To put it in perspective (from a recent industry study):

  • If we could save all 40 ZB onto today’s Blue-ray discs, the weight of those discs (without any sleeves or cases) would be the same as 424 Nimitz-class aircraft carriers.
  • There are 700,500,000,000,000,000,000 grains of sand on all the beaches on earth (or seven quintillion five quadrillion). It would take the sand of 57 Earths to equal all the data in 40 ZBs — yes 57.
  • In 2020, 40 ZB will be roughly 5 Terabytes per person worldwide — do you still remember your 2GB ipod?.

“40 Zettabytes” is just a couple of characters on a screen to you and I — and lets be honest, it’s really not all that big of a deal at first glance. That is, until you think about what it equates to — it becomes daunting to imagine. So, where on earth does all this data get stored?

I spend a lot of my time talking with clients about “Big Data” — what it is, how to leverage it, where to store it, etc. There isn’t a silver bullet. The goal is to derive benefit from all this information that people create and companies store. The challenge is simply the sheer volume of information that must be stored, managed, accessed, analyzed and understood. Many businesses turn to companies like EMC to help them solve their storage challenges. Companies like EMC have tried, tested, proven and supported solutions like Isilon, GreenPlum and VMAX to address “Big Data”. This is the world I spend most of my time — the world of enterprise solutions.

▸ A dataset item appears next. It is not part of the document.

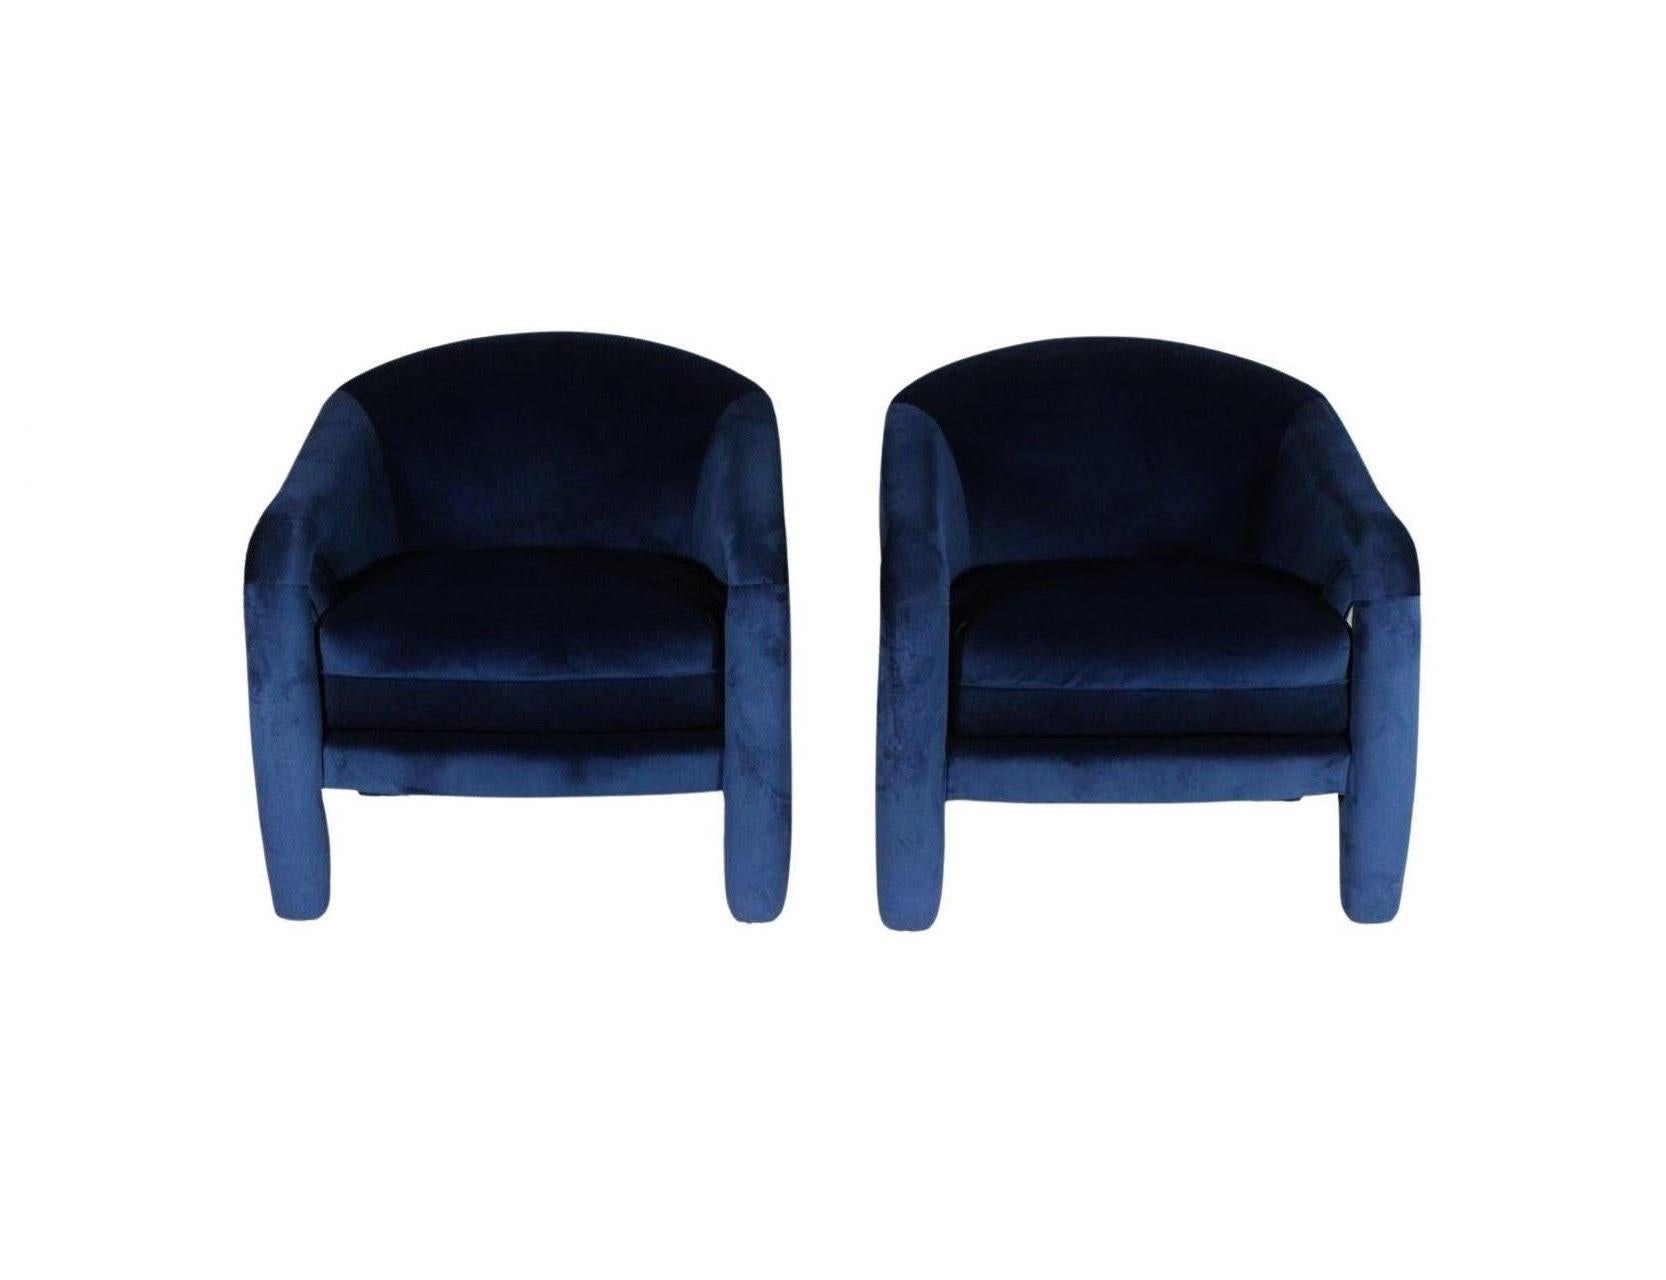 These navy-blue chairs inspired by the iconic designer Vladimir Kagan, are bold and eye-catching that will add a pop of color and visual interest to any room. Echoing modernity through their sensuous curves and swooping lines, highlighting an open

Today however, I’d like to take you to the other side of the tracks — where innovation and ideas are often incubated — the world of free and open-source. Enter Ceph…

ceph-logo1

About a week ago I set out on a journey to find an open-source solution for highly-scalable storage. Most of these solutions were developed to support HPC (High Performance Computing). Technologies like GFS, Lustre, OCFS, etc. were all born out of this space. Most of what is available is based on file system technology. There wasn’t really anything at first that made me go — “wow, revolutionary!” — that is, until I came across Ceph.

Ceph sets out to build a flexible framework for storage that you can leverage in many different ways (Block, File, Object or API). The fundamental building block is an object based storage engine that is flexible, performance oriented and contains no single point of failure (even cooler is the fact that all components scale as little or as much as you want!).  After doing some research I immediately thought — “way too good to be true — should I even waste my time?”.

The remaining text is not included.